Work task:
Exactly the lines starting at the line containing "Piano recital by" and ending at the line containing "Free Images Track" are to be written out from the listing below, both included.

Records to process:
******************************

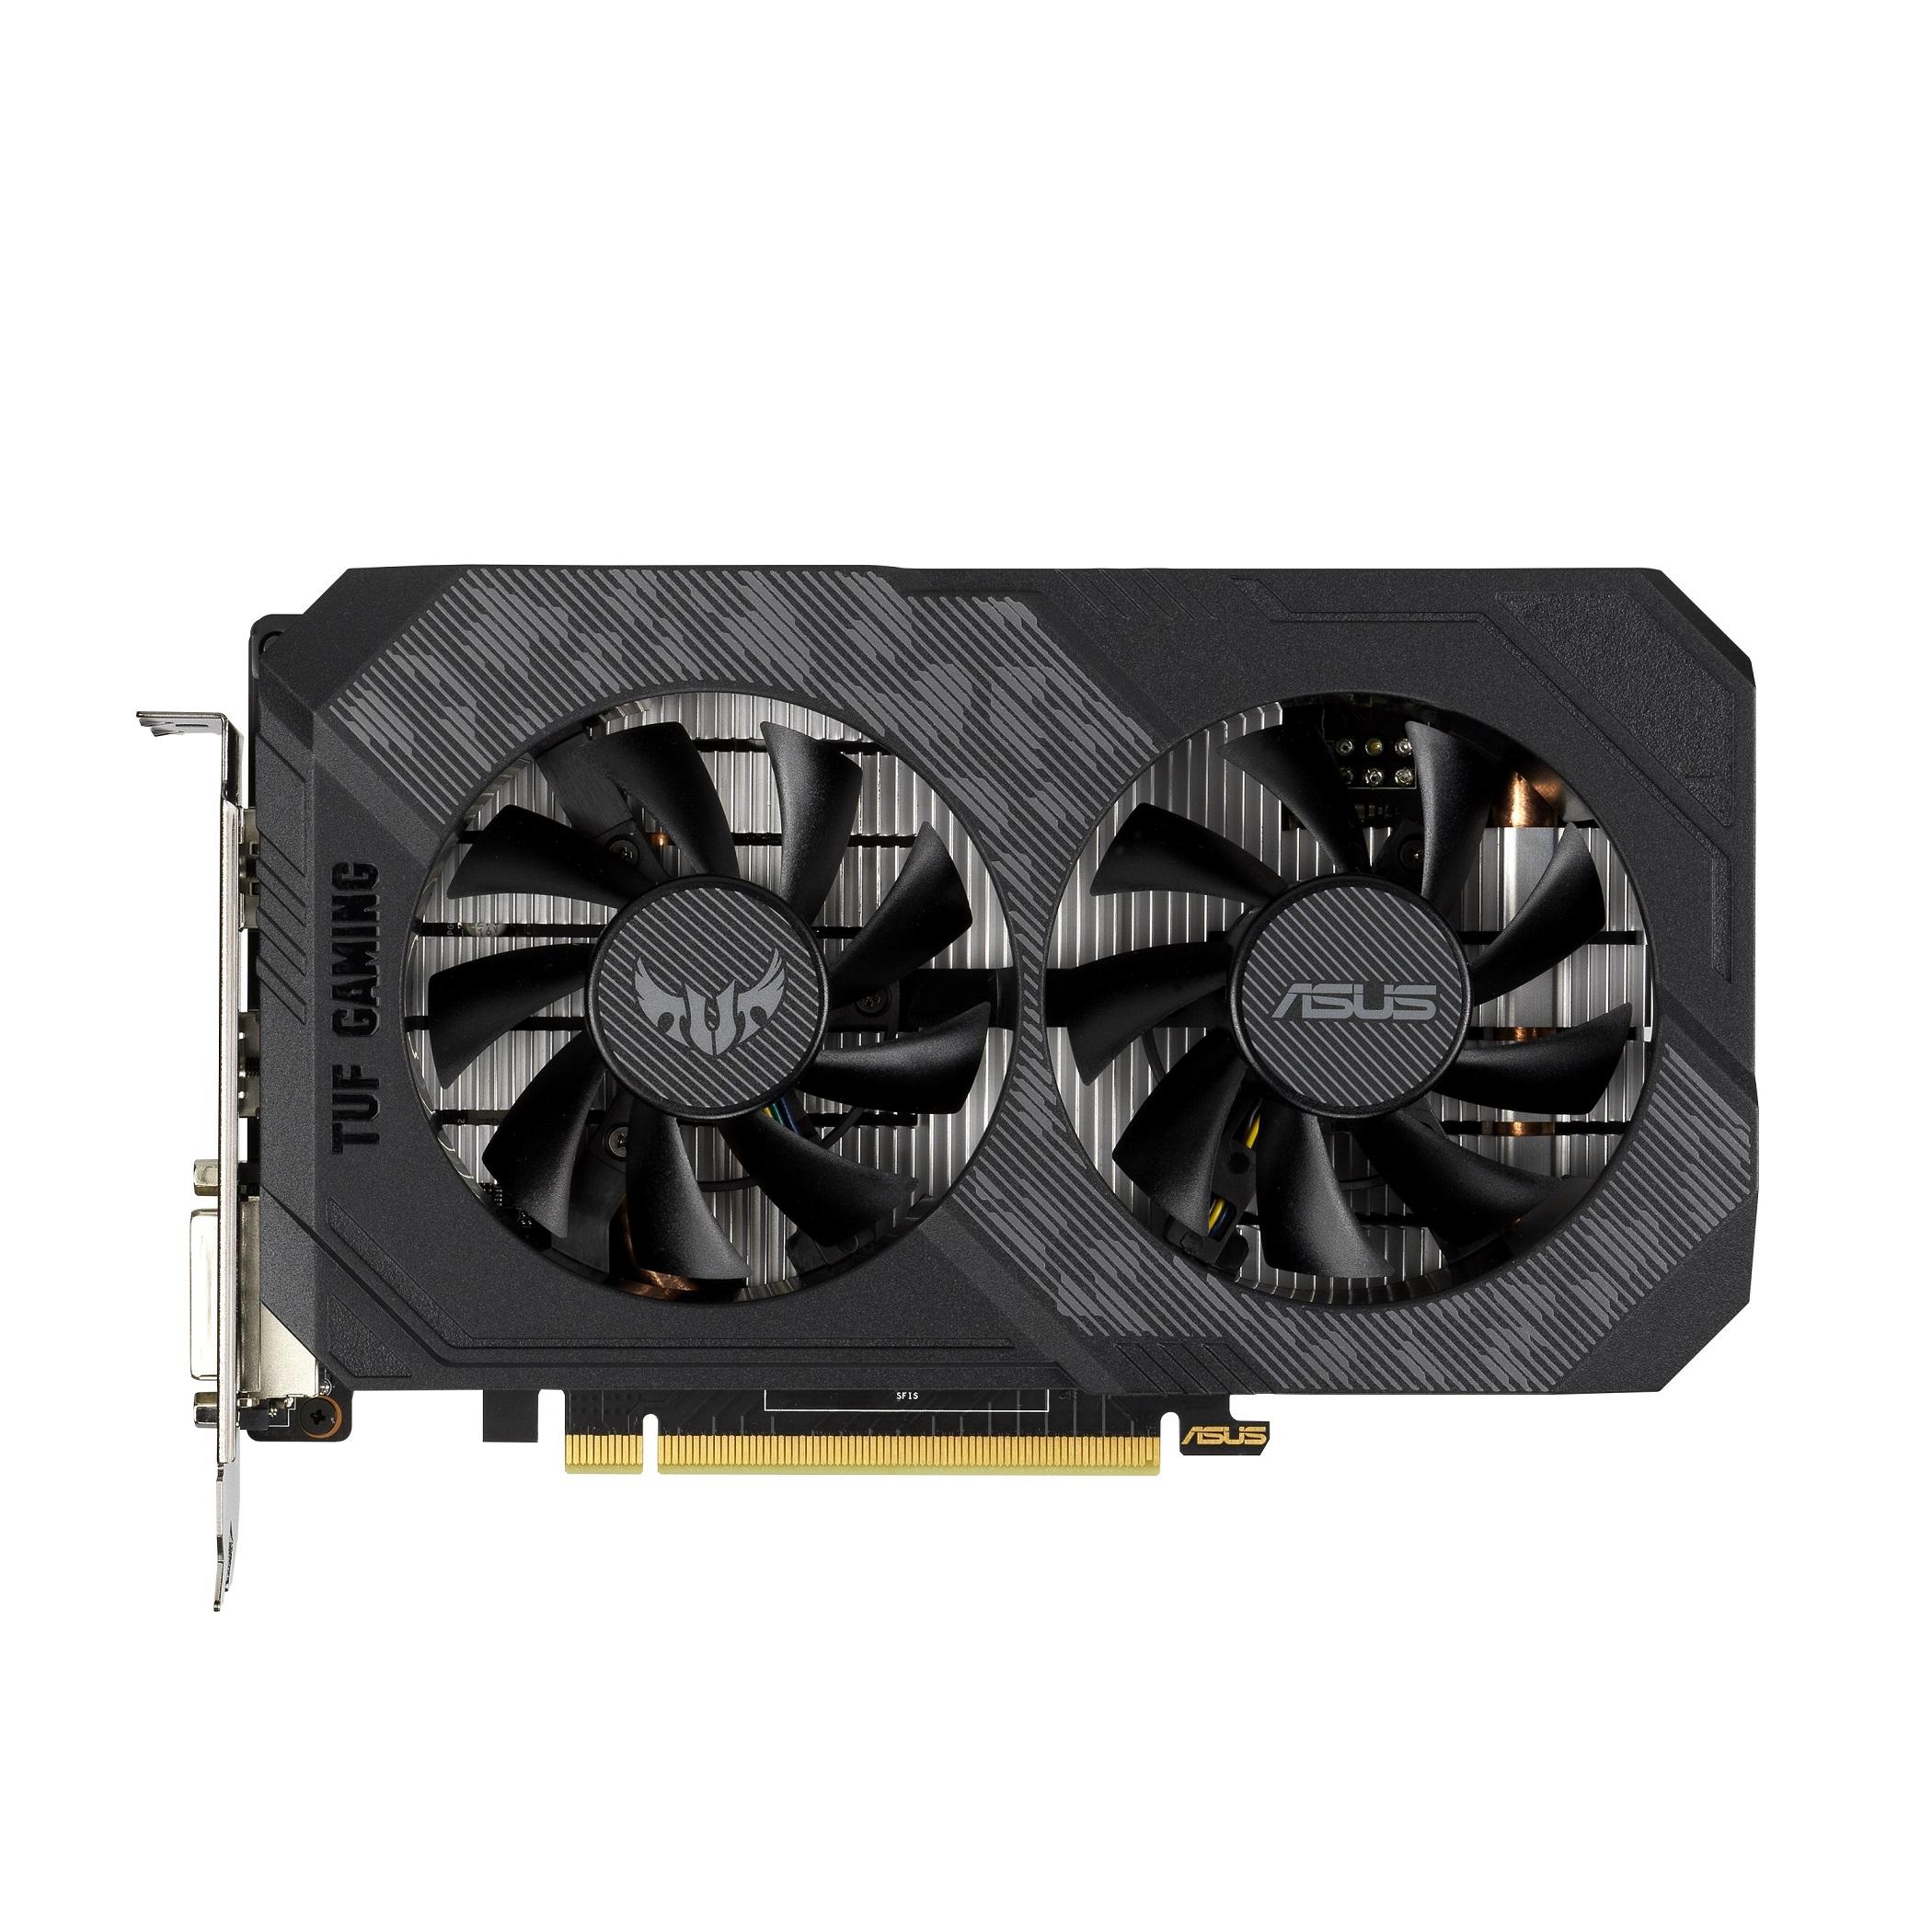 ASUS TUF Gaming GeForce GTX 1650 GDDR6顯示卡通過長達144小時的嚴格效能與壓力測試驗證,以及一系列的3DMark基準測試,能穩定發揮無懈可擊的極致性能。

******************************

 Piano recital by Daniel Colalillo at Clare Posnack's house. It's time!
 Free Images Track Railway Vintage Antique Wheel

******************************

Solution:
 Piano recital by Daniel Colalillo at Clare Posnack's house. It's time!
 Free Images Track Railway Vintage Antique Wheel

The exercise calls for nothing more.